Robert Kiyosaki predicts US stock market crash
Renowned writer and economist Robert Kiyosaki warned investors of a stock market downturn in a tweet this week.
According to Kiyosaki, there are “too many signs” that spell a crash in the market in the near future.
“Yet too many signs point to a severe stock market crash… If your future depends on stocks and bonds please be careful, possibly ask for professional advice. Afraid depression coming,” he tweeted.
Kiyosaki, who predicted the collapse of Lehman Brothers in 2008, said he does not play the stock or bond markets himself, as he prefers “hands on control too much.”

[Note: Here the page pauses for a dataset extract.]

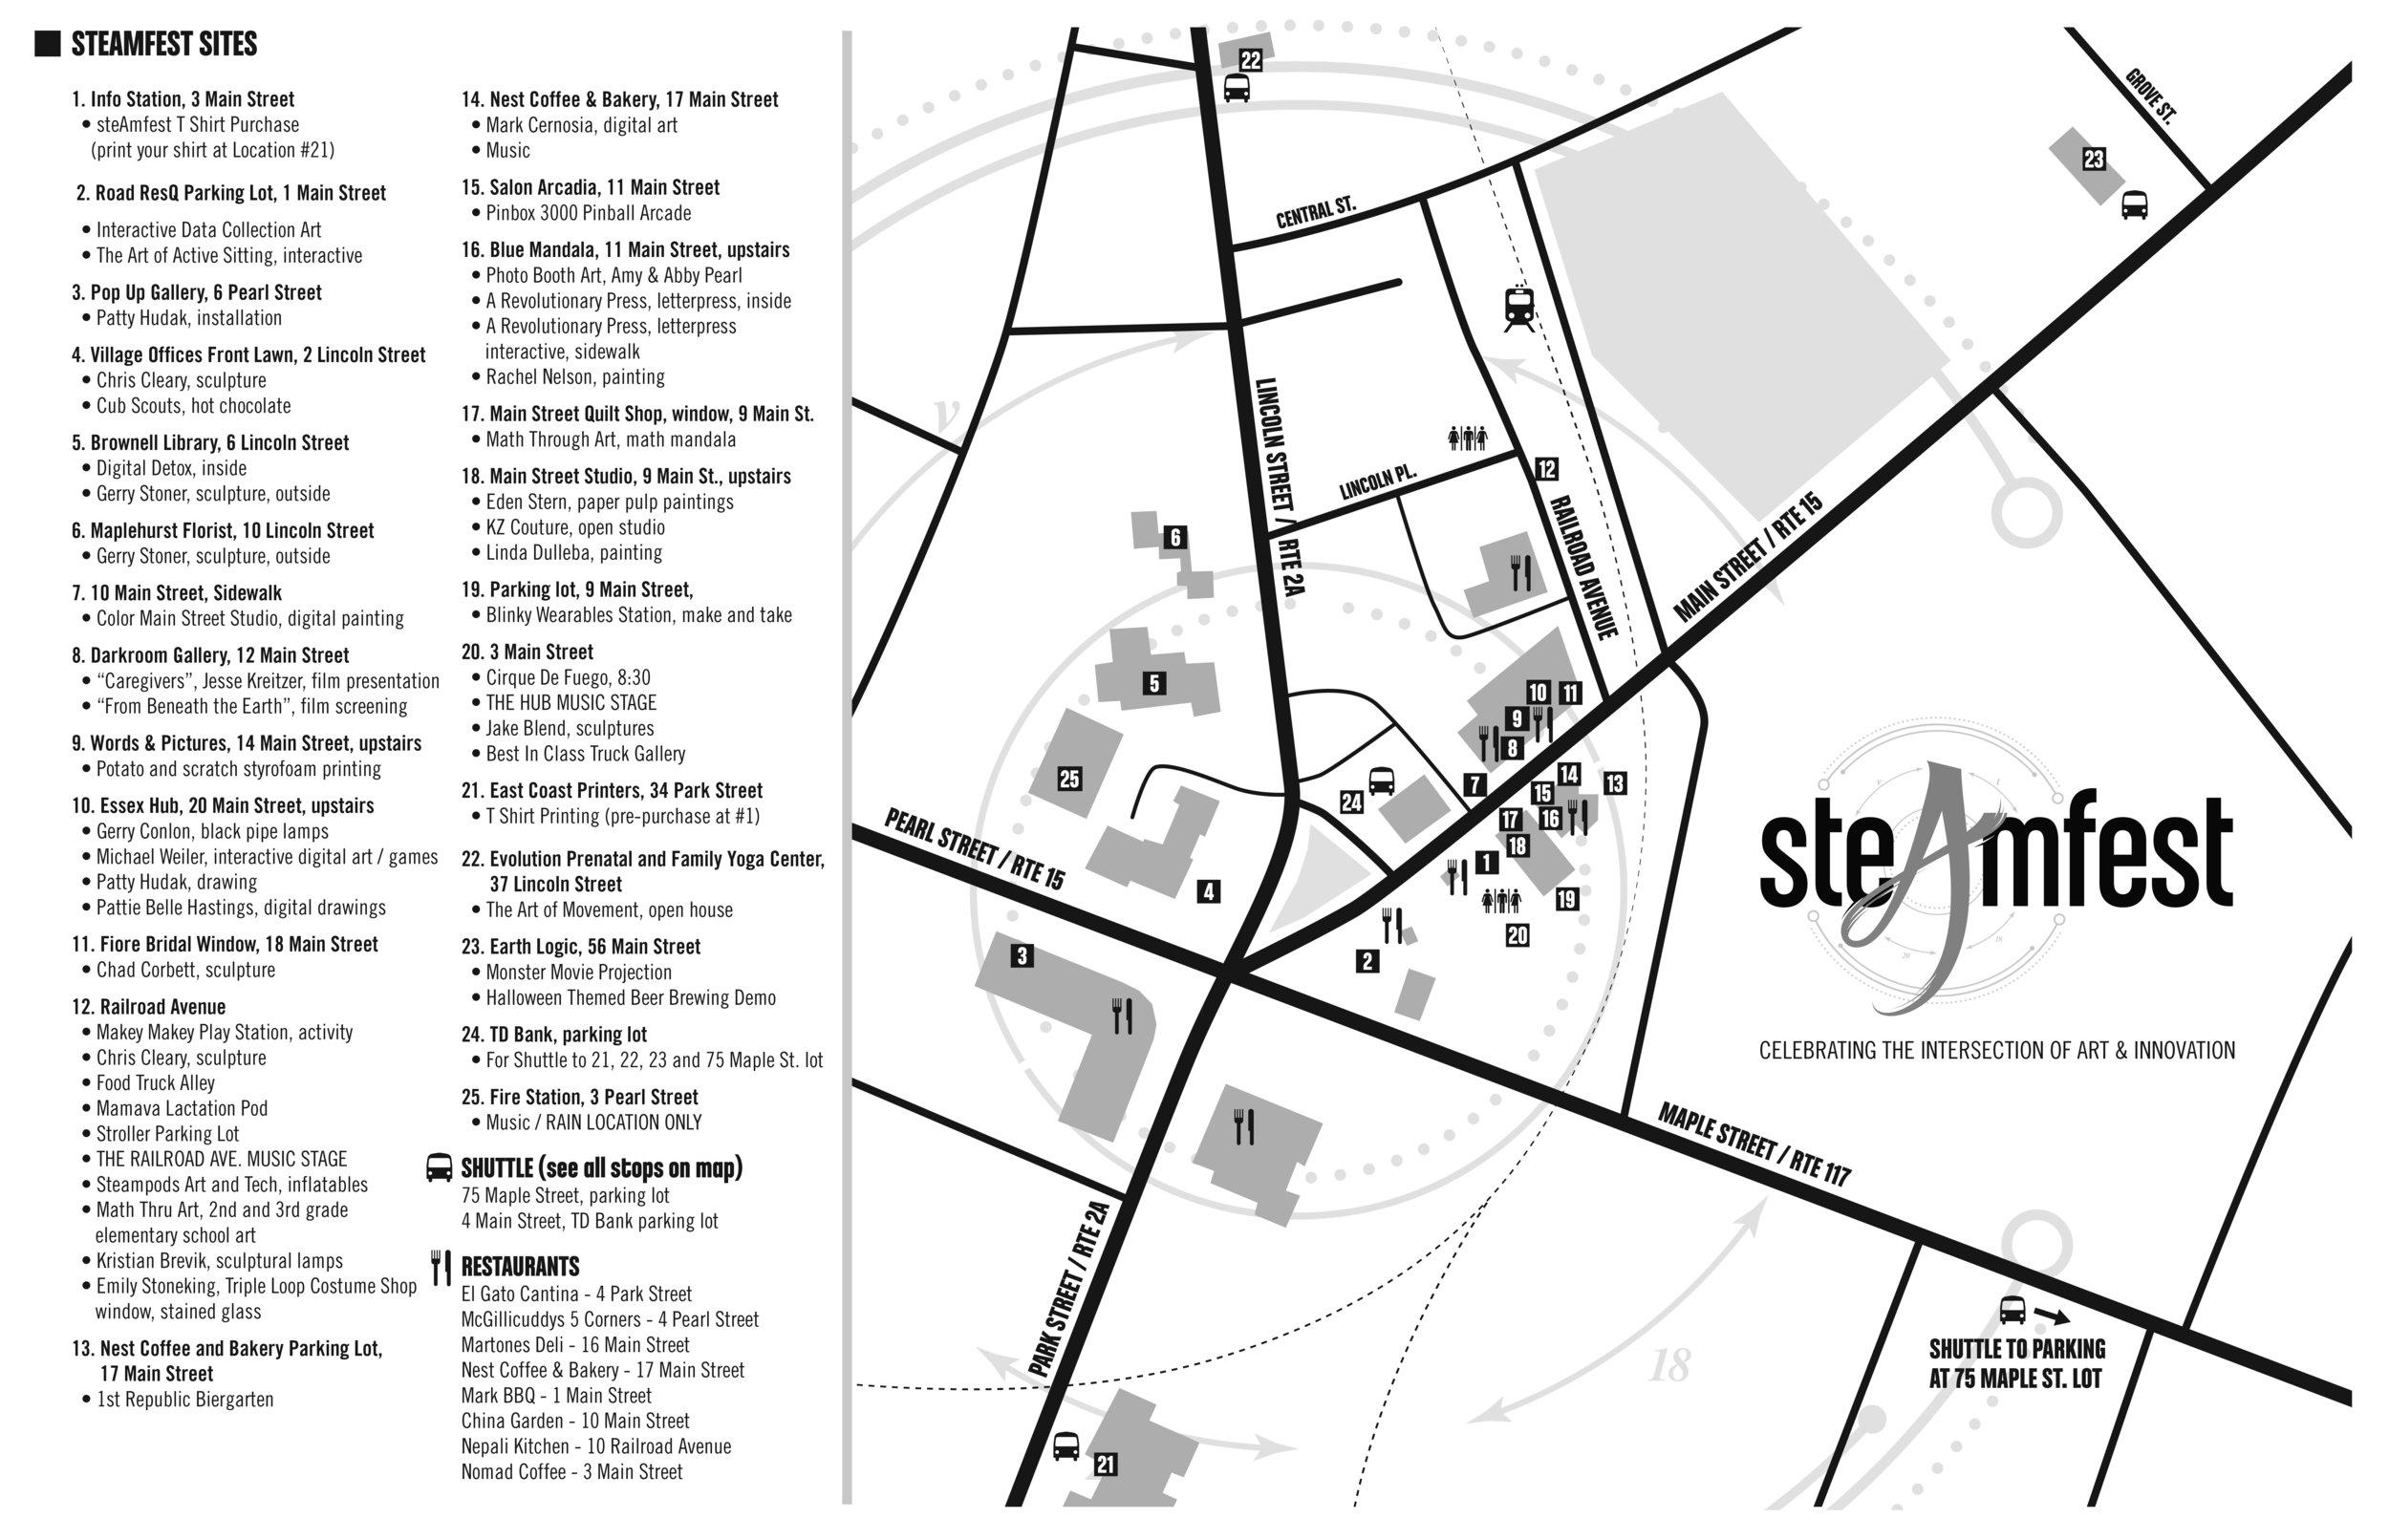 steAmfest-2018-map.jpg
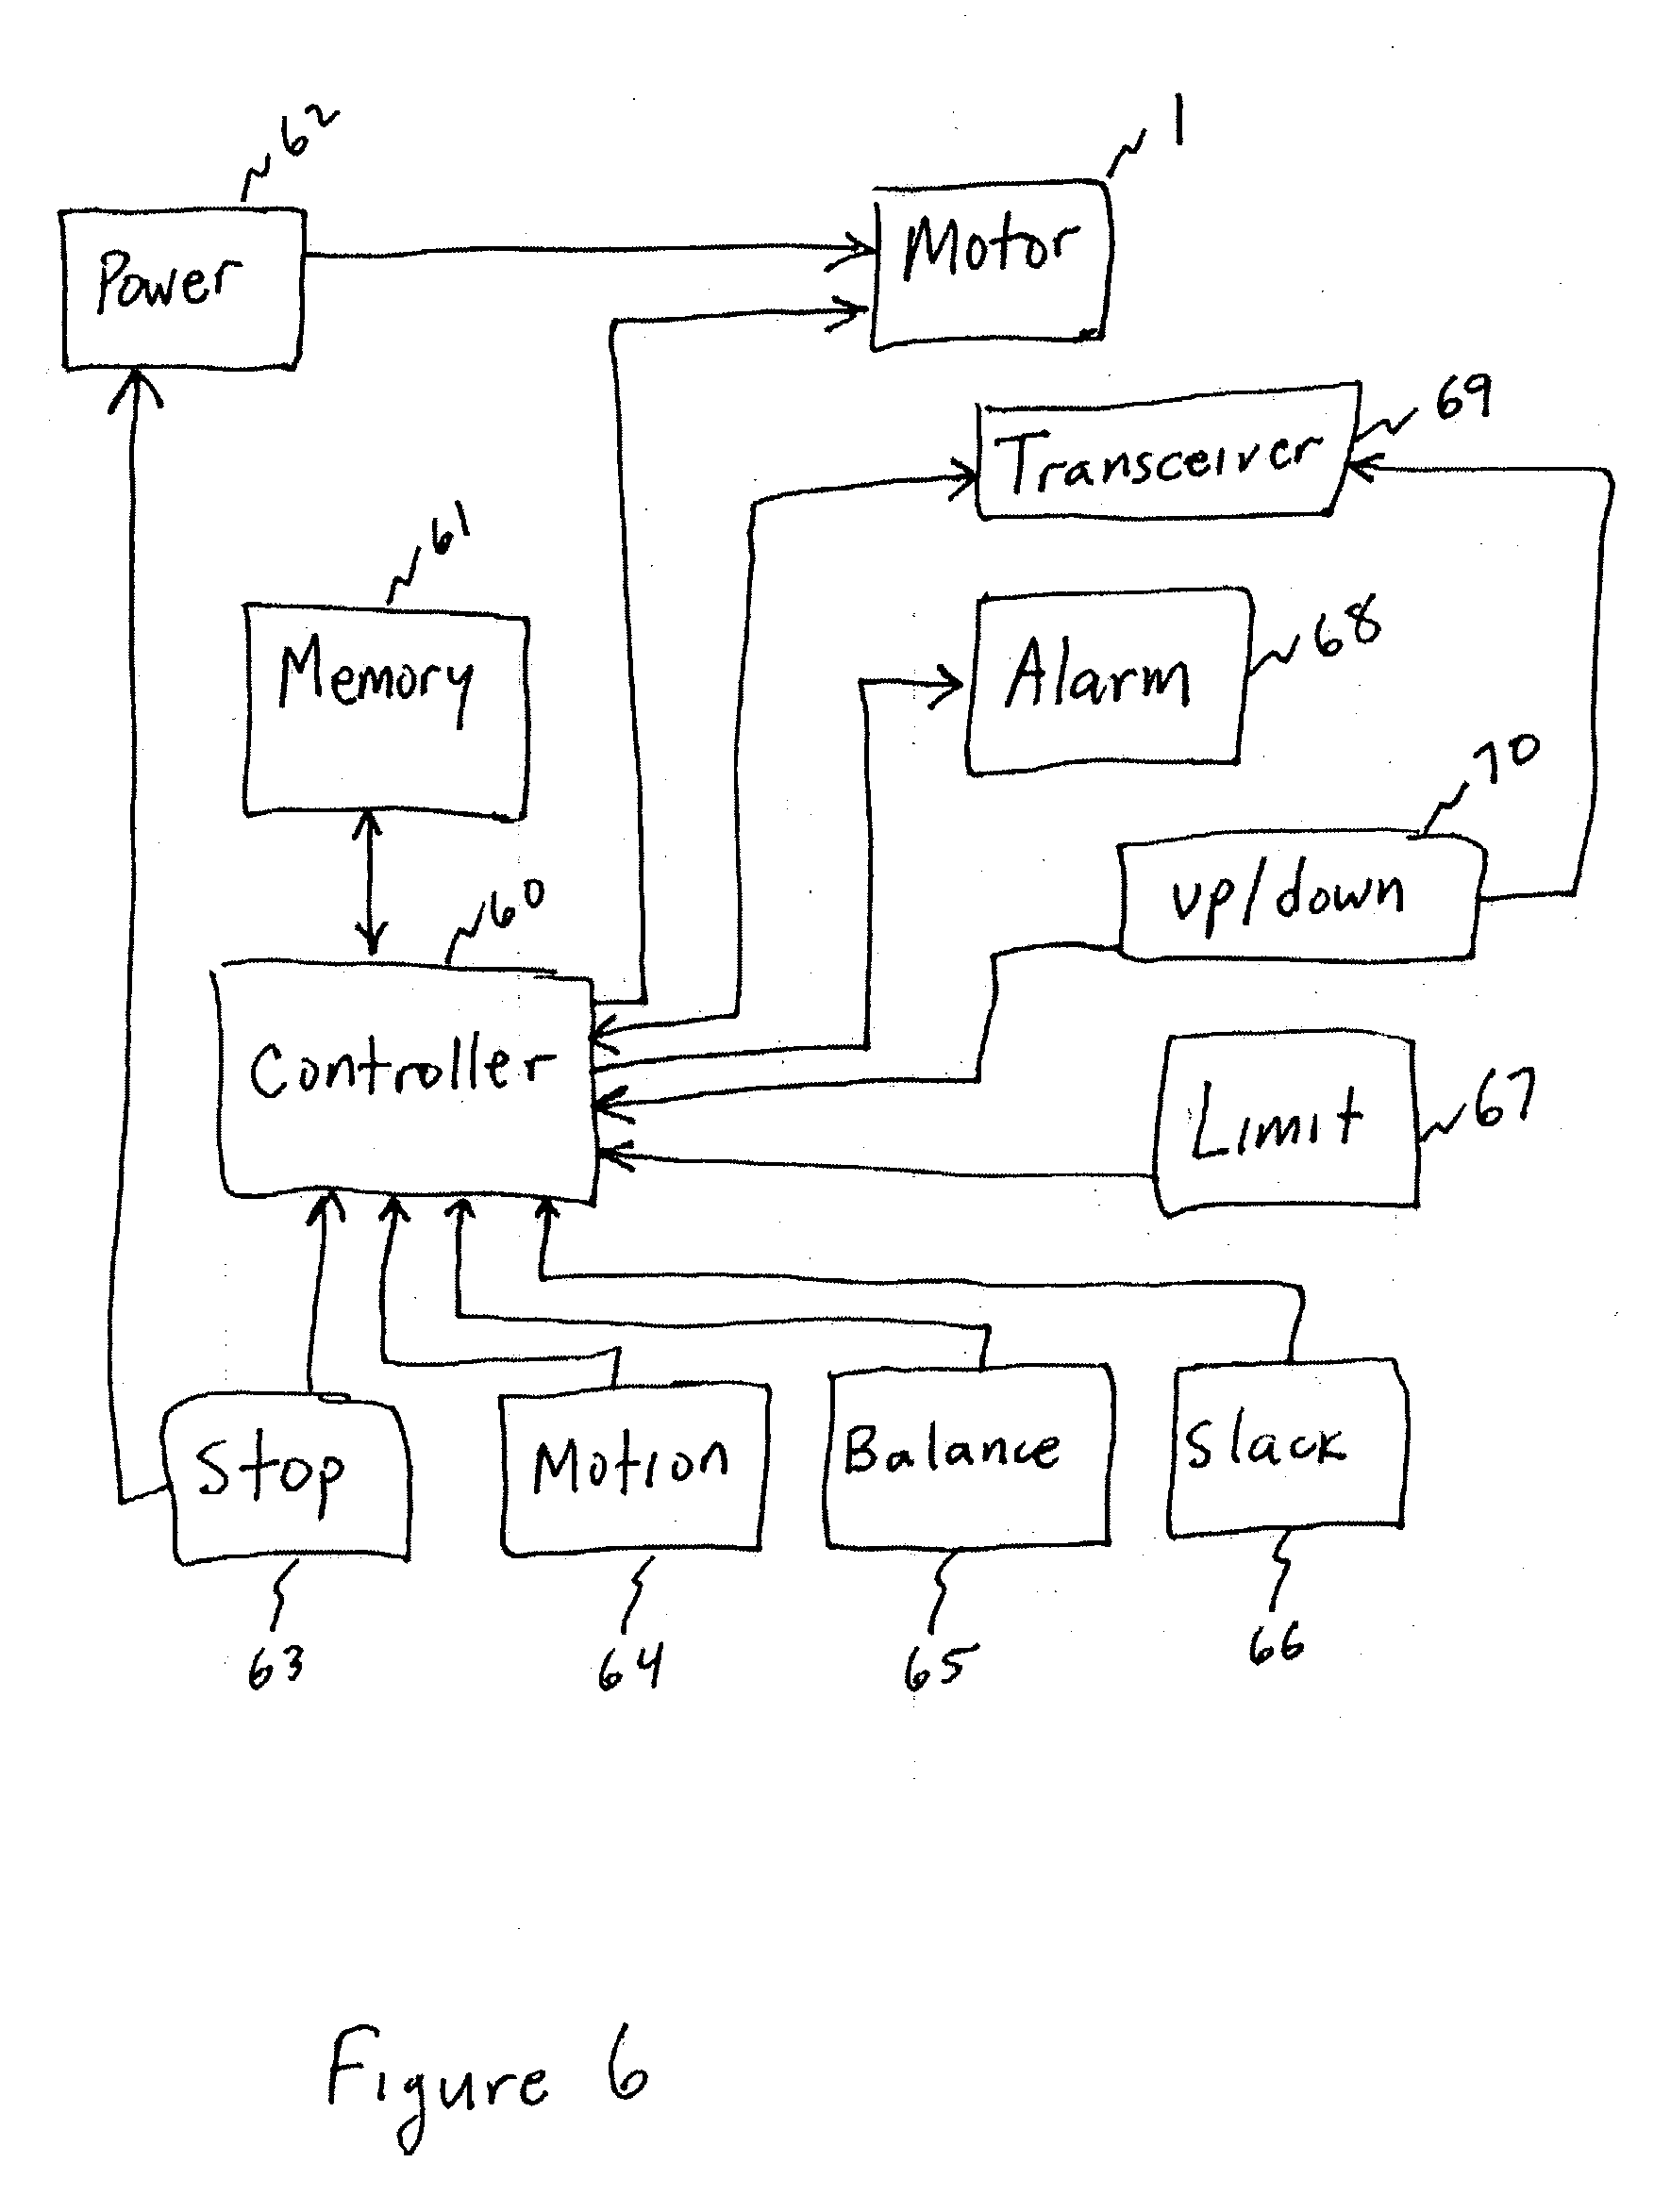 US20040238804A1 20041202 D00006 gfci wiring diagram feed through method,Wiring A Gfci Circuit

He did not detail why he expects stocks to plummet in his latest tweet. Earlier, however, he predicted that the US Federal Reserve would raise interest rates to rein in runaway prices, and warned that this in turn would cause stocks, bonds, real estate, and gold to crash.
He has so far been proven correct, as the country has faced its worst inflation in decades over the past several months, which prompted the Fed to implement a series of interest rate hikes. The rate is currently 5% to 5.25%, up from 0% in early 2022.
So far, US asset prices and economic growth have seemed resilient to higher borrowing costs. The benchmark S&P 500 index is up 17% so far this year, and the Nasdaq Composite has grown 35%, partly due to the surge in betting on artificial intelligence.
However, in a tweet last week, Kiyosaki claimed that the current growth in the stock market is not a sign of health, but the product of the suspension of the debt ceiling Washington passed last month to avoid a default.
“WHY is stock market taking off? Because ‘Debt Ceiling’ removed. Means national debt to rise with stock market. Rich get richer as America gets poorer. Sad. Sticking with real money & real assets: Gold, Silver, Bitcoin,” he tweeted on July 14.
Total US debt now stands at over $32 trillion, and according to a recent warning from the Congressional Budget Office (CBO), it will nearly double over the next three decades, jumping from this year’s estimate of 98% of GDP to 181% by 2053, unless the legislation is changed.